As per Protocol #2 but the pellets are solubilized in this series of solutions:

Step 2: 1. 1% Zwit. 3-14 in 20mM MOPS pH 7.5

Step 4: 2. 1% Zwit. 3-14 in 20mM MOPS pH 7.5

Step 6: 3. 1% Zwitt 3-14: in 20mM MOPS pH 7.5, 10mM EDTA, 0.1 m NaCl:

Step 8: 4. dH₂O

Lipid A is prepared using a modification of the method of Rietschel et al (1977).

Equimolar amounts (standardized for KDO content) of lyophilized LPS is resuspended in 15ml in 50mM sodium acetate buffer, pH 3.0. The buffer is at pH 3.0 in an attempt to lessen the chance of removing labile phosphate groups from Lipid A.The resuspended LPS is heated at 100^oC for 90 minutes, then frozen and thawed four times to promote aggregation of Lipid A.

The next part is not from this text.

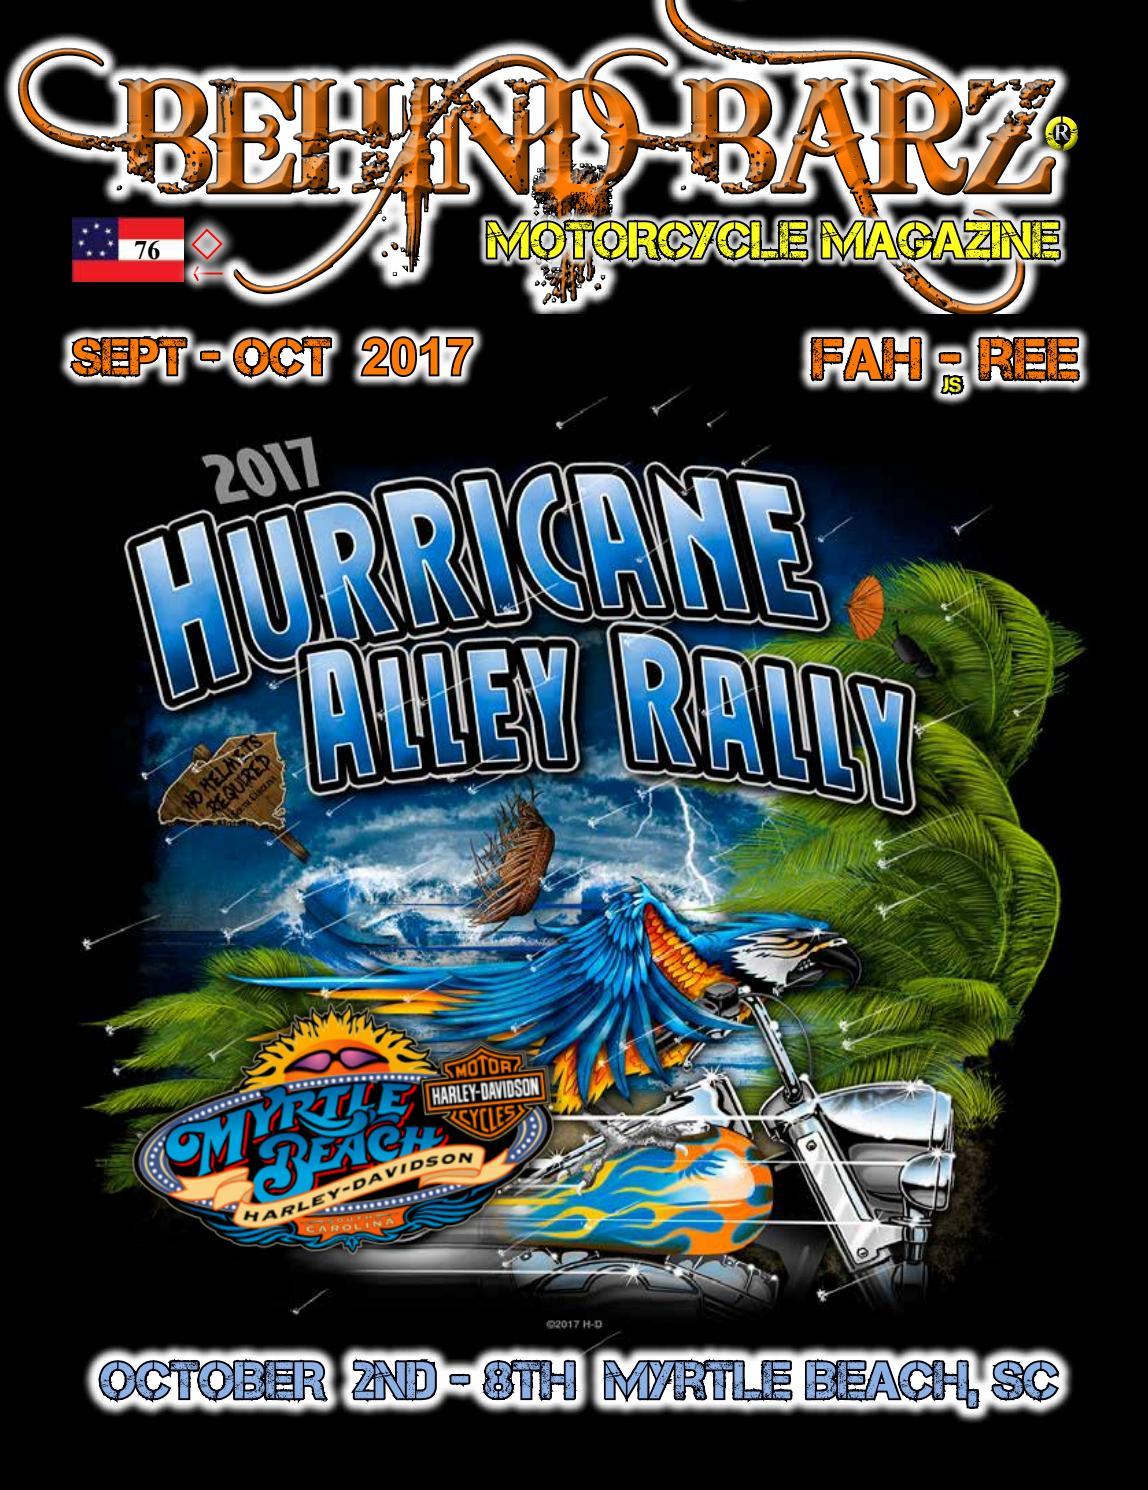 American Pickers Pikeville Nc behind barz motorcycle mag sept 2017behind barz

Samples are centrifuged in thick-walled glass tubes at 9500 rpm for 5 minutes, washed once with sodium acetate buffer and washed twice more with deionized water to remove sodium acetate prior to lyophilization.

Samples are resuspended in distilled H₂O and assayed for the loss of KDO content to ensure the complete removal of LPS carbohydrate from Lipid A.